The records:
=-=-=

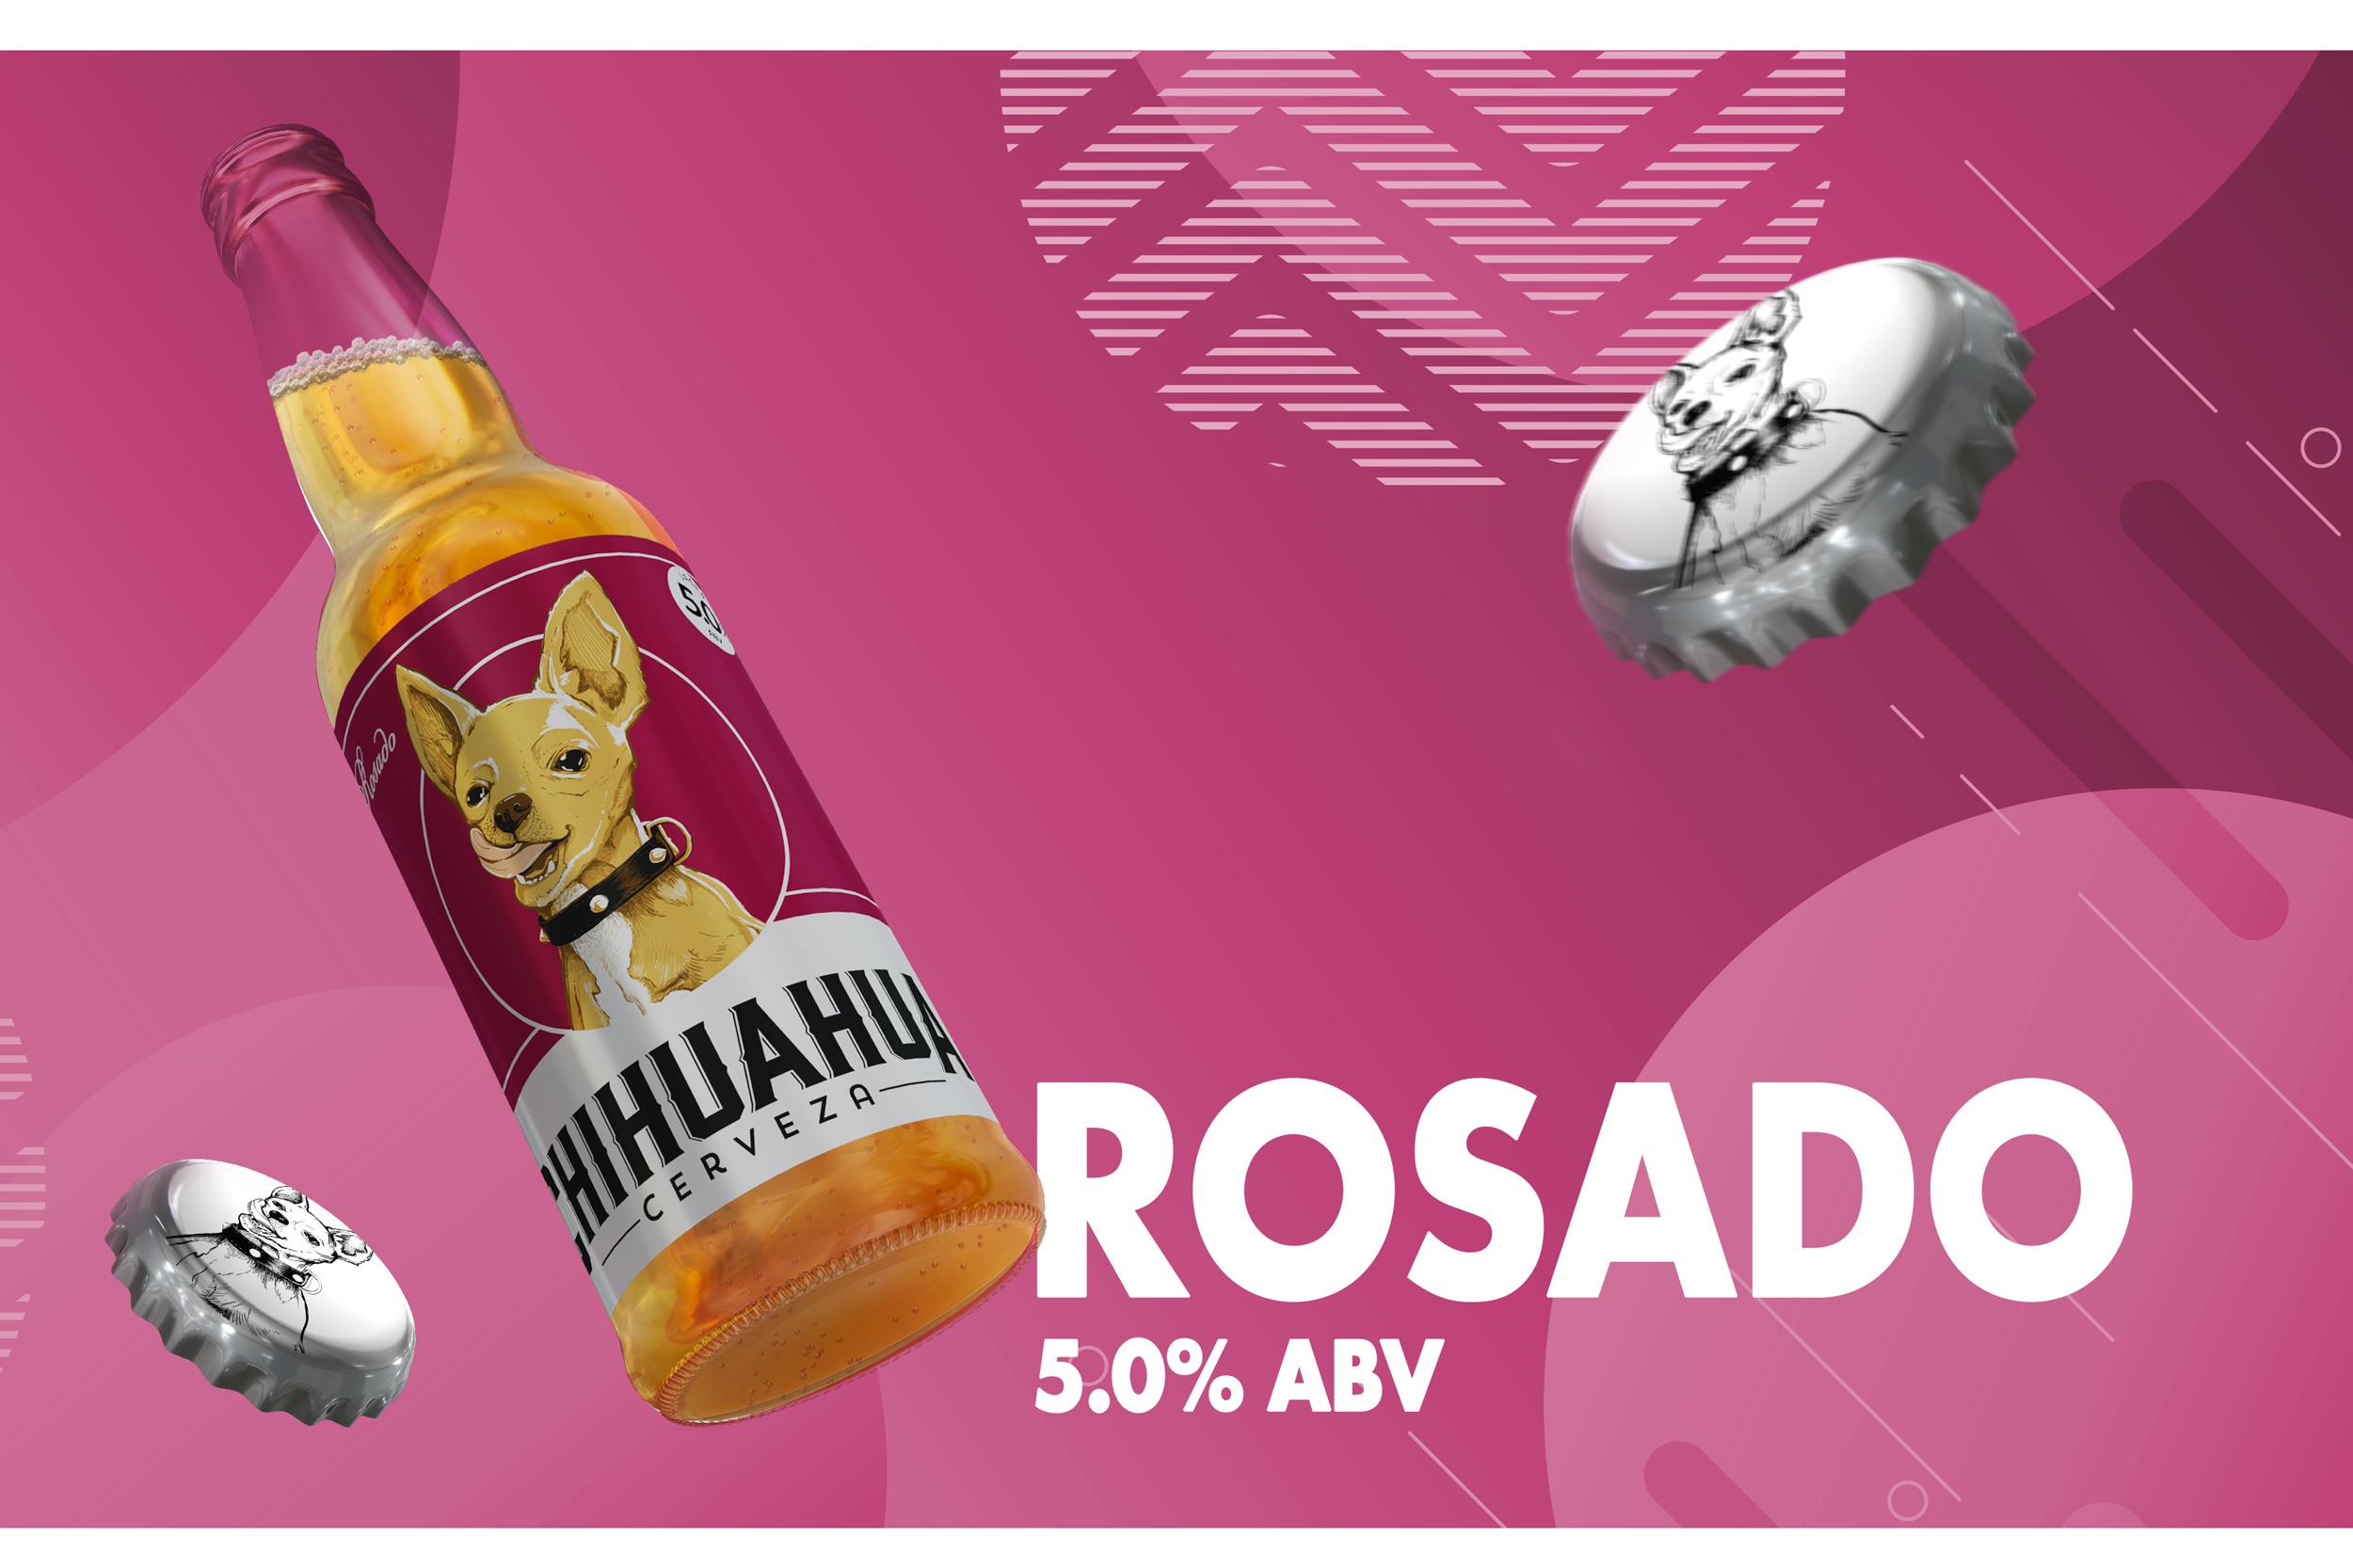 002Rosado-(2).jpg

=-=-=

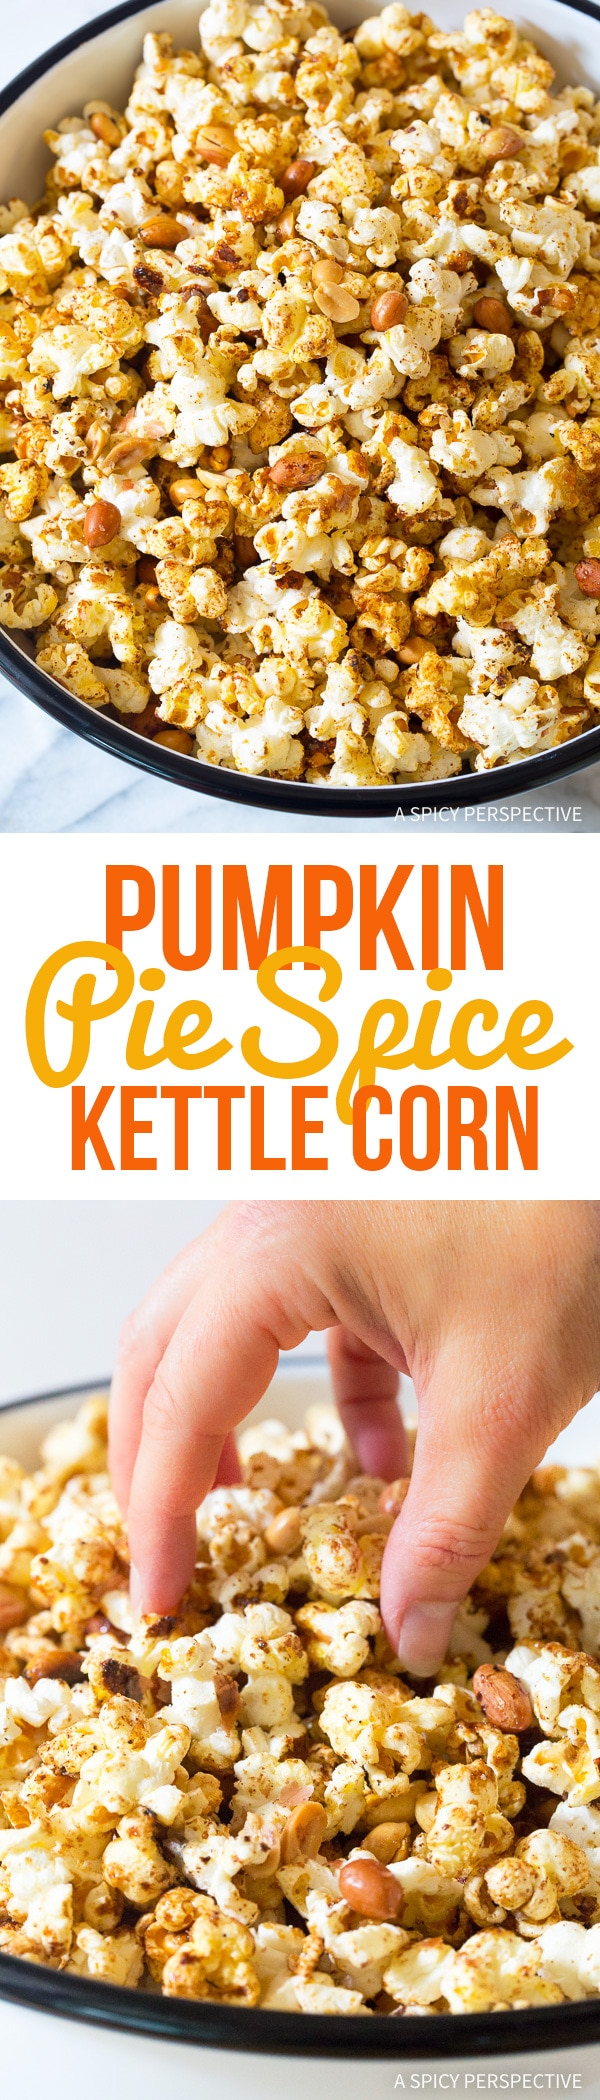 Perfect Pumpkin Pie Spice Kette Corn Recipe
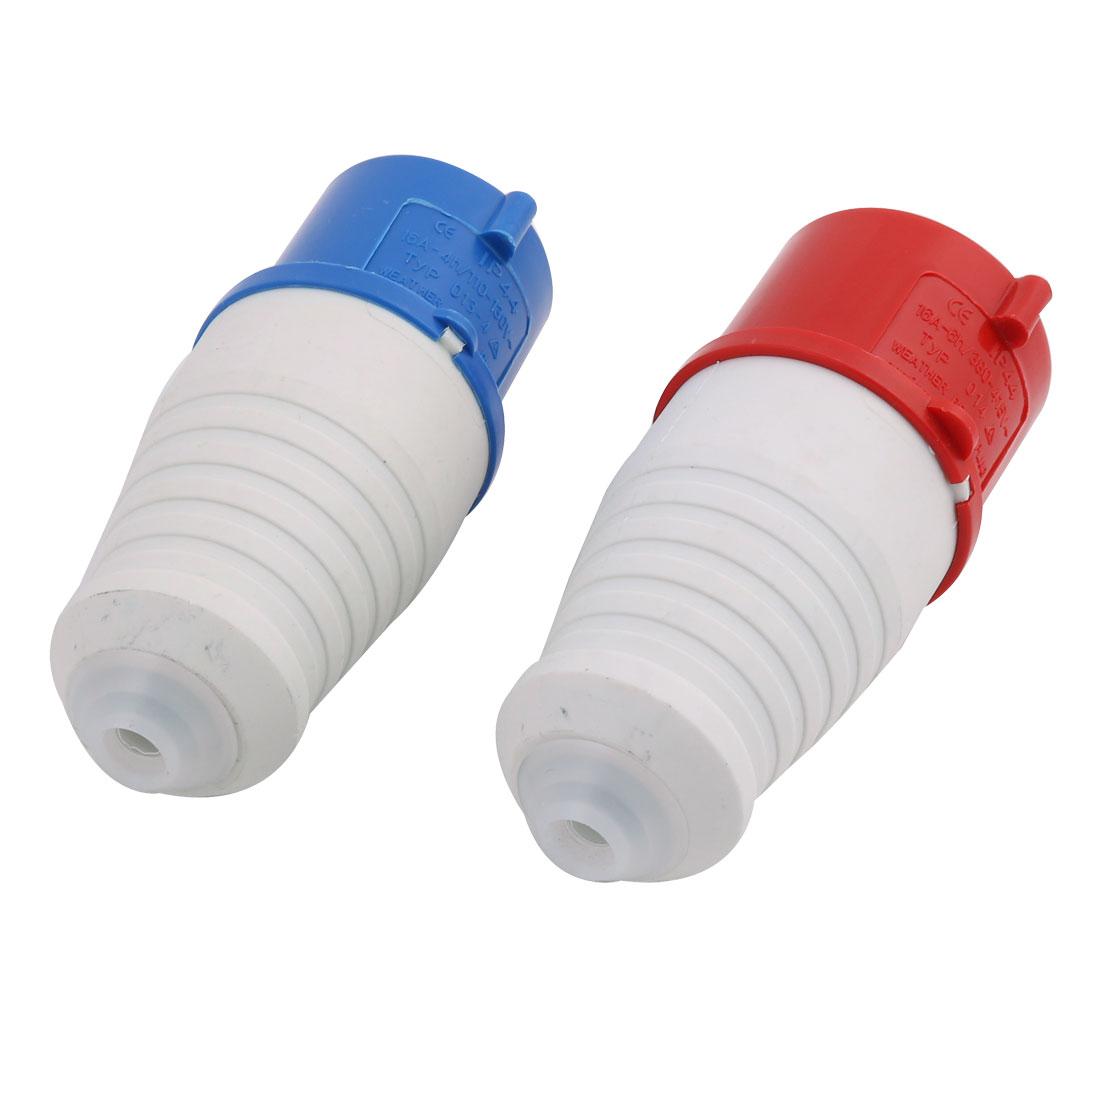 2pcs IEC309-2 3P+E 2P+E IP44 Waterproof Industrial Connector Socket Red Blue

=-=-=

Task prompt:
Among the lines above, the one with "Perfect Pumpkin Pie Spice Kette Corn Recipe" opens the part to repeat and the one with "2pcs IEC309-2 3P+E" closes it; repeat only that part exactly, with no pictures.

Reply to the task:
 Perfect Pumpkin Pie Spice Kette Corn Recipe
 2pcs IEC309-2 3P+E 2P+E IP44 Waterproof Industrial Connector Socket Red Blue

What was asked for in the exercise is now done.